Re-reading this, and watching the spring/summer 2015 collections begin to unfold, it’s striking how influential Simons’s work has been. I remember seeing Cathy Horyn, then fashion critic for The New York Times, at a Thomas Tait show in London. She remarked how she had seen reflections of Simons’s first Dior cruise show in the collections of numerous other designers. “That one collection has been a goldmine,” she commented. I hadn’t equated Simons’s Dior collage with what other designers have been creating, but there is a correlation between his layered skirts, patched together from dozens of floating silk squares, and the season’s emergent taste for floating panels and asymmetry. What he’s doing is referenced, and frequently directly copied, even at cruise level.

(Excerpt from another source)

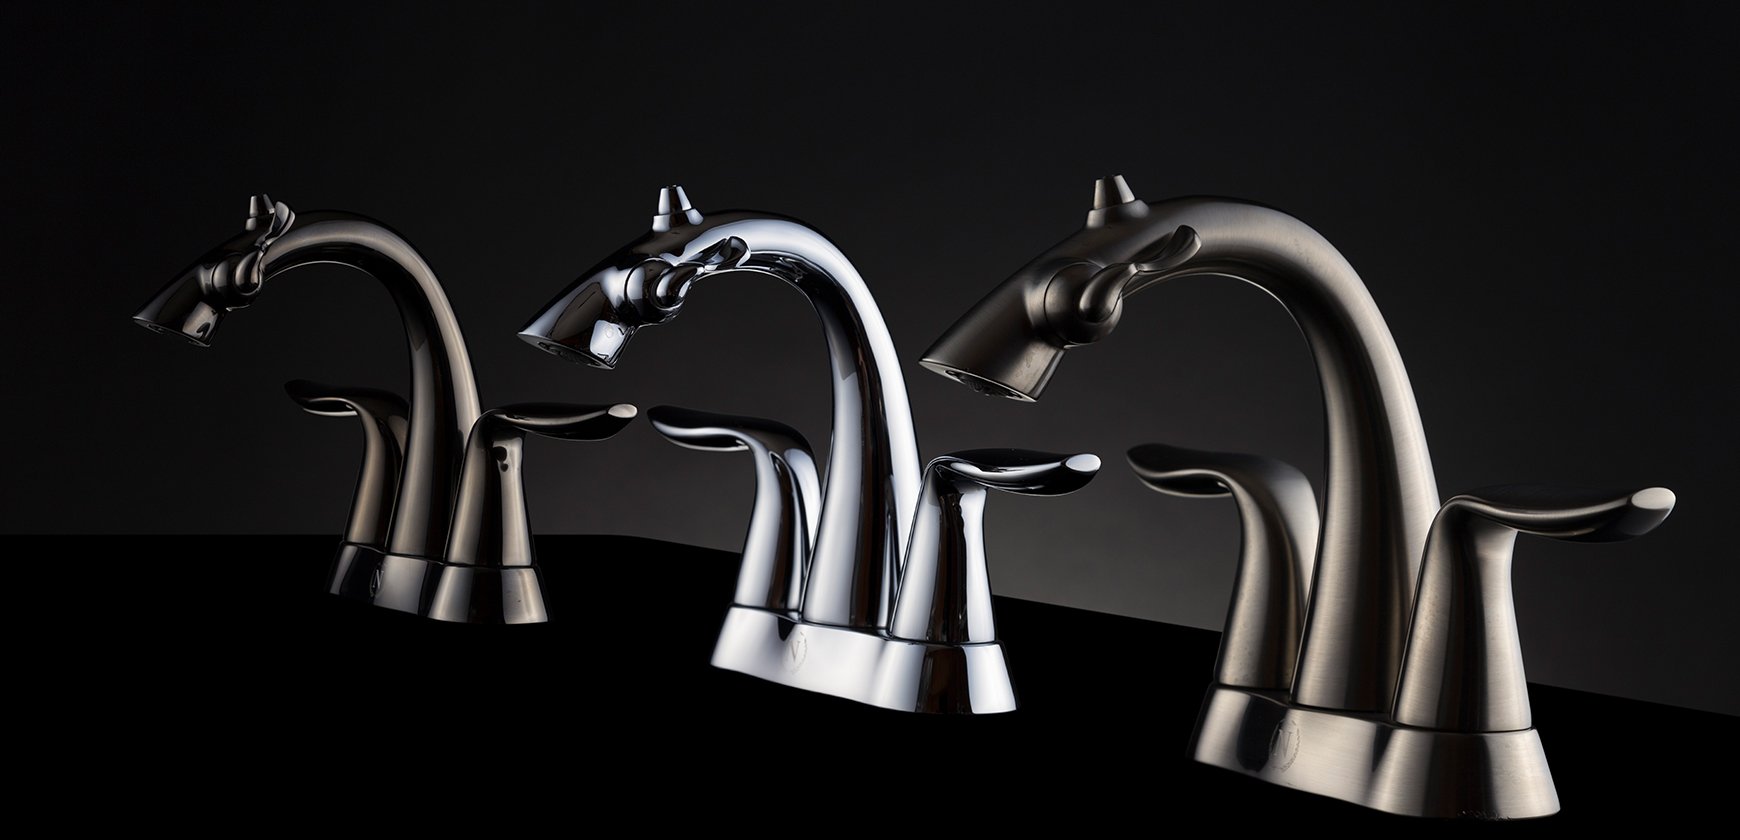 Group photo of Nasoni Centerset Fountain Faucets on Black Background

That’s because Raf Simons is full of ideas, full of thoughts. More so, he’s willing to experiment, and to make mistakes – or at least, take wrong turns that may lead on to something new and different. This collection was exploding with ideas, none of which felt second-hand. “For example, there are Bar jackets, all kind of Bar jackets, but there are Bar jackets that are reduced to the female shape, almost like a mannequin in a couture house, which are then covered by silk scarves, so suddenly it’s like a painted body. At the same time, sometimes there are Bar shapes, and the silk scarves are used as they are, to be draped on and then suddenly you have like a fluid skirt,” says Simons, breathlessly, reeling through a litany of the outfits from the collection. “All of these things are going on – I was thinking about how can I deal in the different way in which printing, graphic, flowers, that that sort of thing.”

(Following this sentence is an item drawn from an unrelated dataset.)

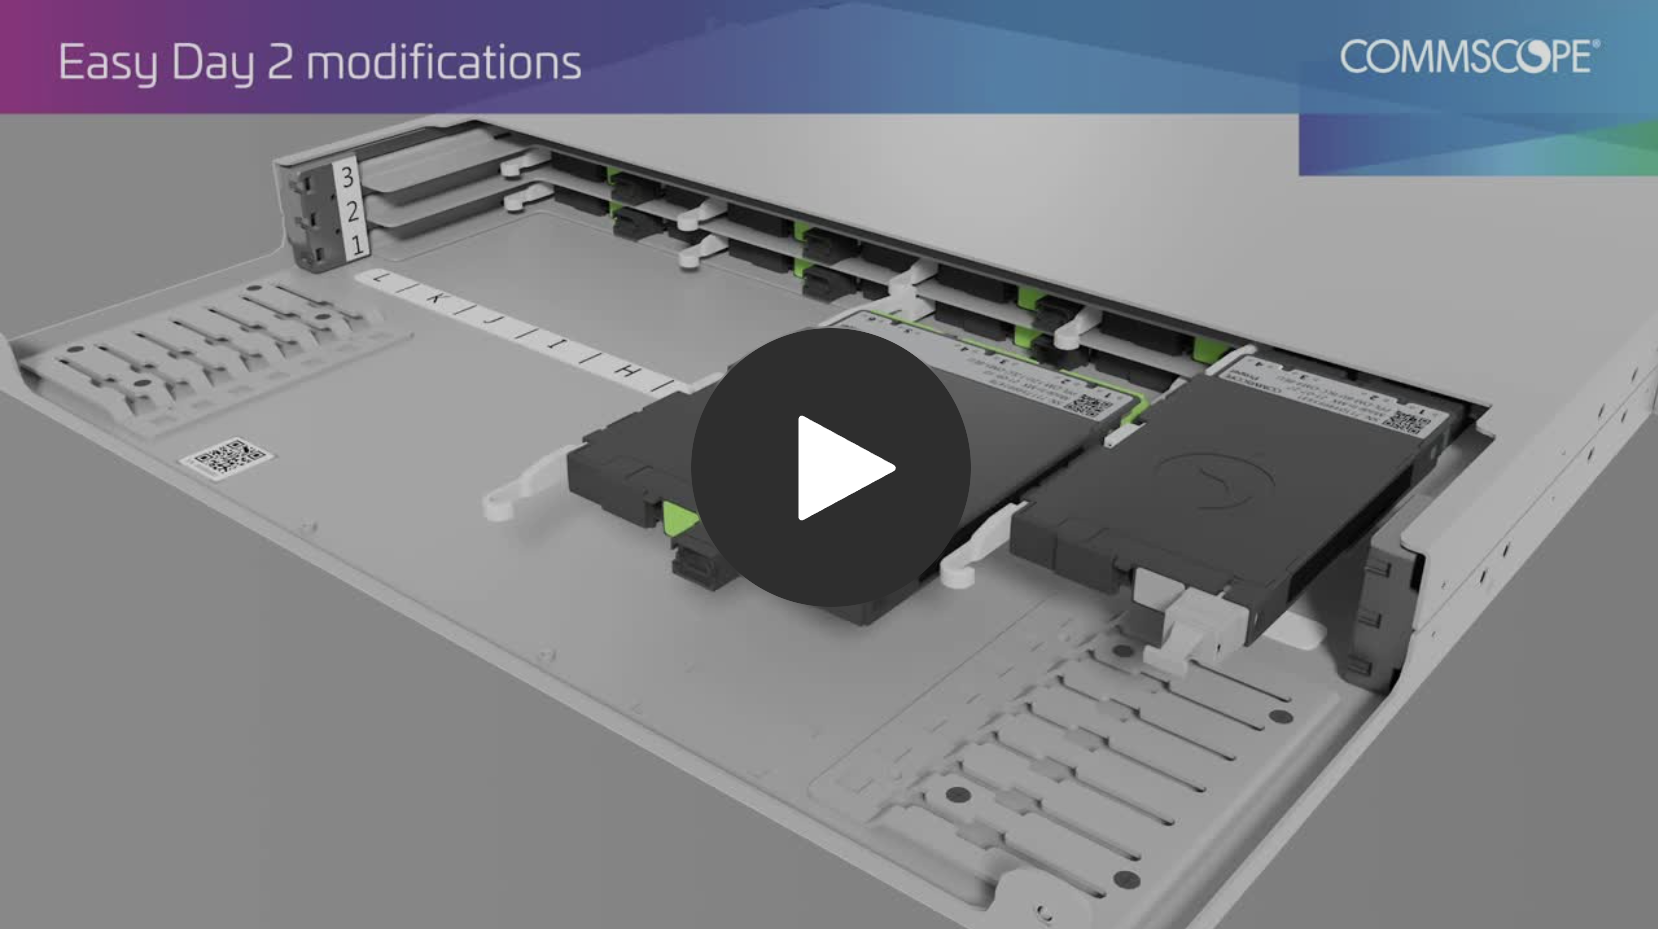 commscope easy day 2 modifications video

It’s all the more remarkable to see this breadth of thinking expounded on a cruise collection – traditionally (and even in Simons’s own words) a primarily sales-driven vehicle. I wonder if he gets a kick out of that? After all, Raf Simons (the man and label) has often played with rules and uniforms, the raiments of subcultures, schoolboy garb and the cultish attire of teenage music fanatics. The idea of working within the restrictions of a season for sales rather than flights of fancy perhaps had an appeal for him. “It also needs to have a commercial impact, for myself as well,” says he. “It’s a cruise collection.” But not like one we’ve ever seen before.